For control nets outlining a large class of topological polyhedra, not just tensor-product grids, bi-cubic polyhedral splines form a piecewise polynomial, first-order differentiable space that associates one function with each vertex. Akin to tensor-product splines, the resulting smooth surface approximates the polyhedron. Admissible polyhedral control nets consist of quadrilateral faces in a grid-like layout, star-configuration where n ≠ 4 quadrilateral faces join around an interior vertex, n-gon configurations, where 2n quadrilaterals surround an n-gon, polar configurations where a cone of n triangles meeting at a vertex is surrounded by a ribbon of n quadrilaterals, and three types of T-junctions where two quad-strips merge into one.

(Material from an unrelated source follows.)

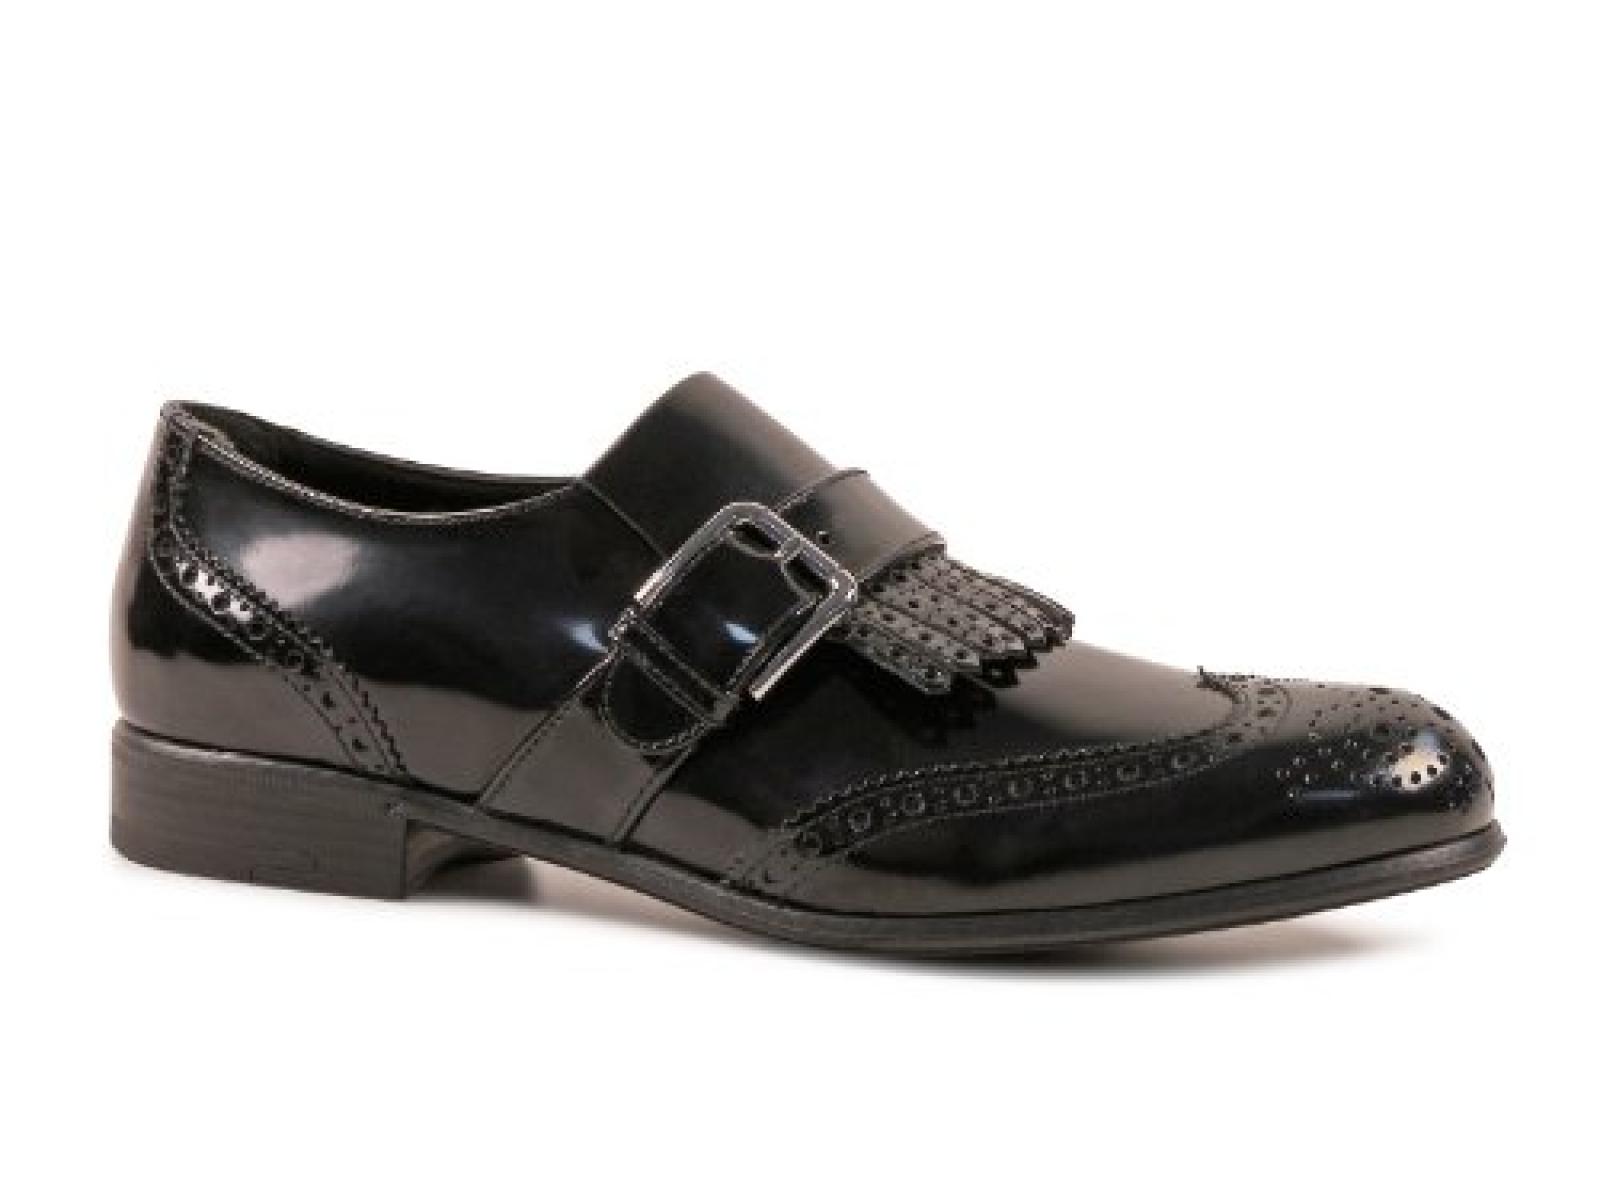 Dolce & Gabbana Frauen schwarz Luxus-Leder-Mokassins-Schuhe - Modellnummer: C16418 A1037 80999

The bi-cubic pieces of a polyhedral spline have matching derivatives along their break lines, possibly after a known change of variables. The pieces are represented in Bernstein-Bézier form with coefficients depending linearly on the polyhedral control net, so that evaluation, differentiation, integration, moments, and so on, are no more costly than for standard tensor-product splines. Bi-cubic polyhedral splines can be used both to model geometry and for computing functions on the geometry. Although polyhedral splines do not offer nested refinement by refinement of the control net, polyhedral splines support engineering analysis of curved smooth objects. Coarse nets typically suffice since the splines efficiently model curved features. Algorithm 1032 is a C++ library with input-output example pairs and an IGES output choice.

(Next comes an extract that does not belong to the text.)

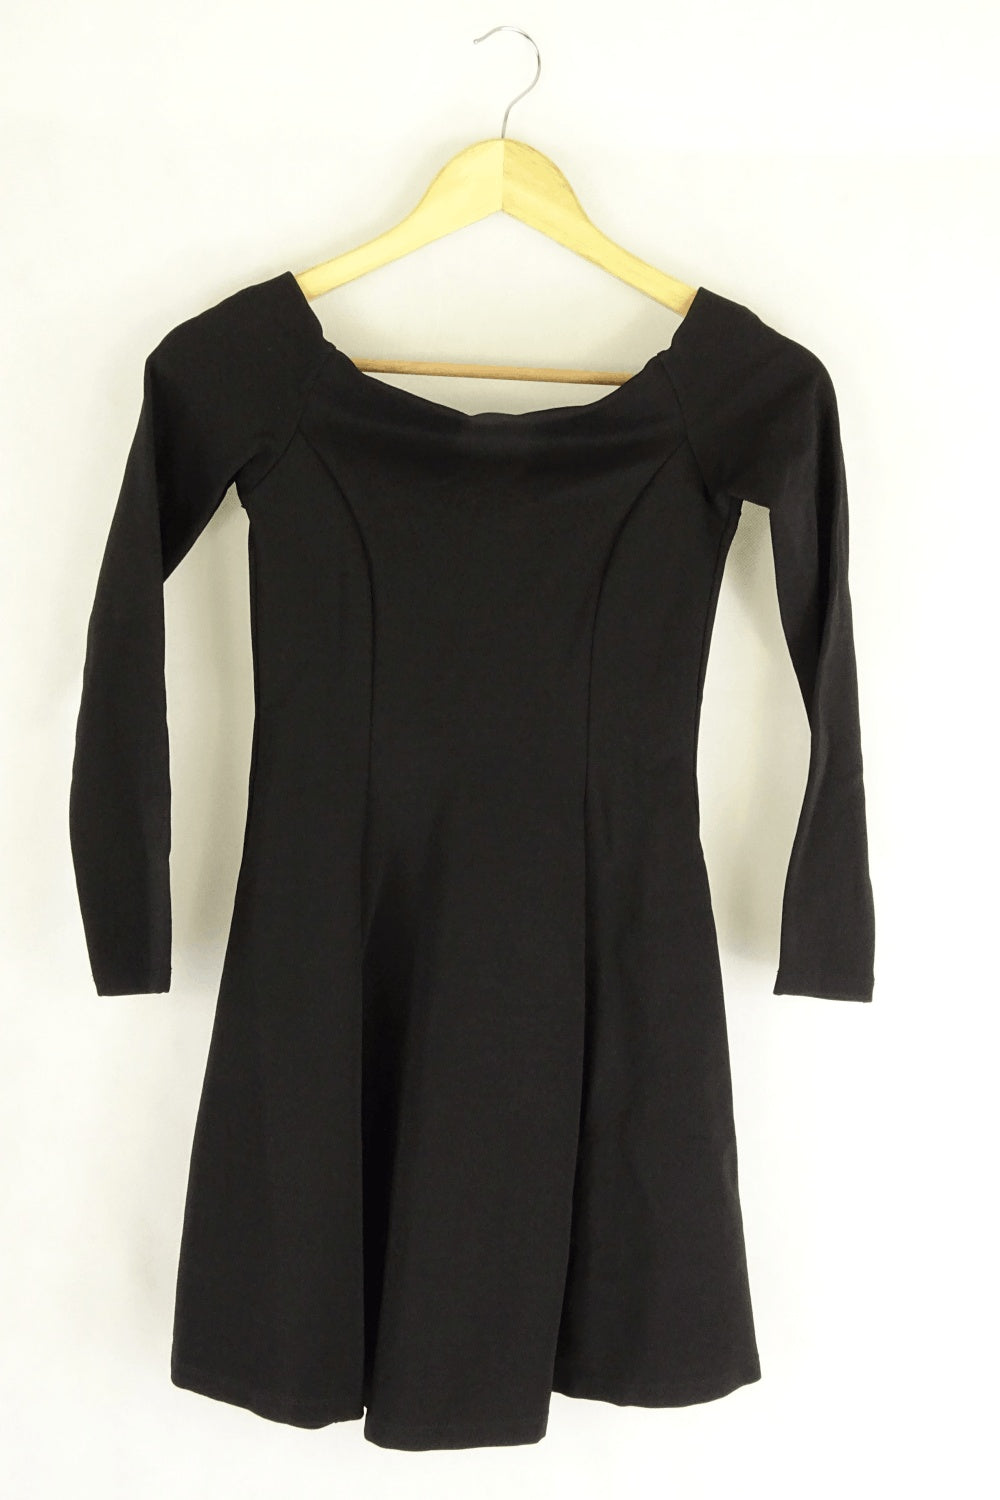 H&M Black Dress 8

对于控制网概述了一大类拓扑多面体,而不仅仅是张量积网格,双三次多面体样条形成了一个分段多项式,一阶可微空间,将一个函数与每个顶点相关联。类似于张量积样条,得到的光滑表面近似于多面体。可接受的多面体控制网由网格状布局的四边形面组成,星形结构(n≠4个四边形面围绕一个内部顶点连接),n形结构(2n个四边形围绕一个n形),极形结构(n个三角形的圆锥在一个顶点会合,被n个四边形的带包围),以及三种类型的t形结(两个四边形合并为一个)。多面体样条的双立方块沿其断行具有匹配的导数,可能在已知变量变化之后。这些块以bernstein - bsamzier形式表示,其系数线性依赖于多面体控制网,因此评估、微分、积分、矩等并不比标准张量积样条花费更多。双三次多面体样条既可用于几何建模,也可用于几何上的函数计算。虽然多面体样条不能通过控制网的细化提供嵌套细化,但多面体样条支持曲面光滑对象的工程分析。粗网通常就足够了,因为样条可以有效地模拟曲线特征。算法1032是一个c++库,具有输入输出示例对和IGES输出选择。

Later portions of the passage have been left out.